Invisibility cloaks. With the return of the rain (hooray!), I’ve been working on sewing projects in the evenings after the kids are in bed, usually with some tea and a podcast. (I loved this episode on fall reading from the Girl Next Door Podcast, and Coffee and Crumbs' recent 2-part episode on friendship.) I finished a gray linen Forager Vest for myself, and two little capes for Sky and Iris-- Iris's in red with a mint-green lining printed with tiny Red Riding Hoods, and Sky's in Elsa-blue with a white flannel snowflake-print lining. Halloween was a little rough on everyone, as you can see above, but we more or less made it through
Hidden veggies. I've been getting creative mixing veggies into more of our family's meals, in an effort to diversify my 3-year-old's very limited food choices. (One epic fail was sneaking a little V8 into his fruit juice.

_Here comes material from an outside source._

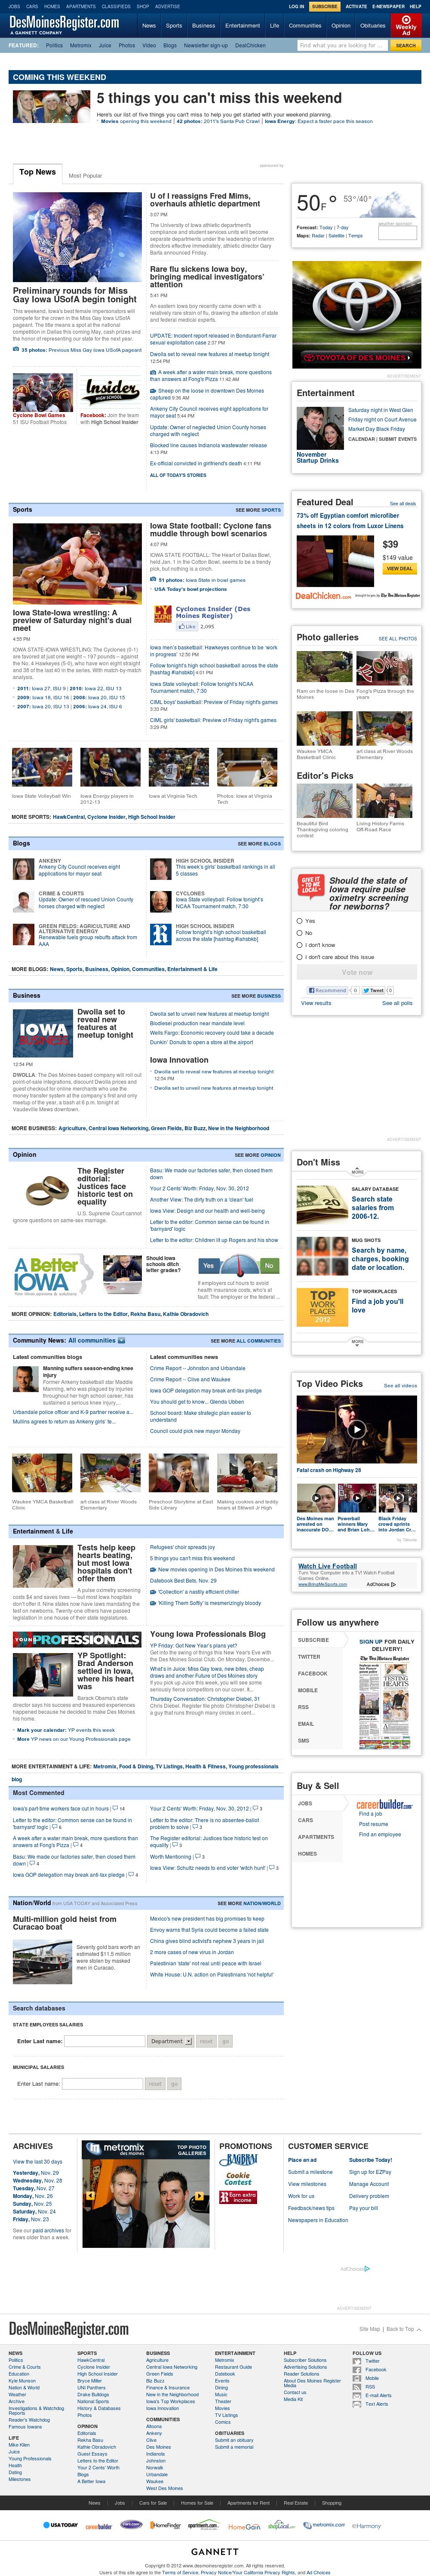 DesMoinesRegister.com at Saturday Dec. 1, 2012, 12:08 a.m. UTC

He was onto me: “I don't love dis, mama.”) Here are a few successes (he ate them) in case you want to repeat the experiment for yourself.
+ Grate half a carrot and a whole zucchini into any basic pancake recipe.
+ Grate one apple and one carrot into stovetop oatmeal, and be sure to let it simmer long enough to soften. Serve with milk and honey or brown sugar.
+ Double chocolate zucchini bread (this one stretches the idea of a “meal,” but I figured if I’m making dessert, might as well sneak some veggies in).
+ Cook and puree winter squash with chicken or veggie broth, then mix it into chicken noodle soup.
Magic Pumpkins. We grew our own jack-o-lanterns for the first time this year. Amazing to think they came from one small seed, in a mound of compost in the front yard.
Growth work. I've been working with a process therapist for almost two years now. I've grown so much from this work, which always pushes me to the edge of my comfort zone, in the best/hardest way. Recently I admired a print in the background of my therapist's room on the Zoom screen, and she pointed me to this incredible shop by artist and activist shreya delgado-shah flores. I bought myself a copy of this print, which celebrates the beautiful messy work of growth, something little seeds and gardeners know firsthand.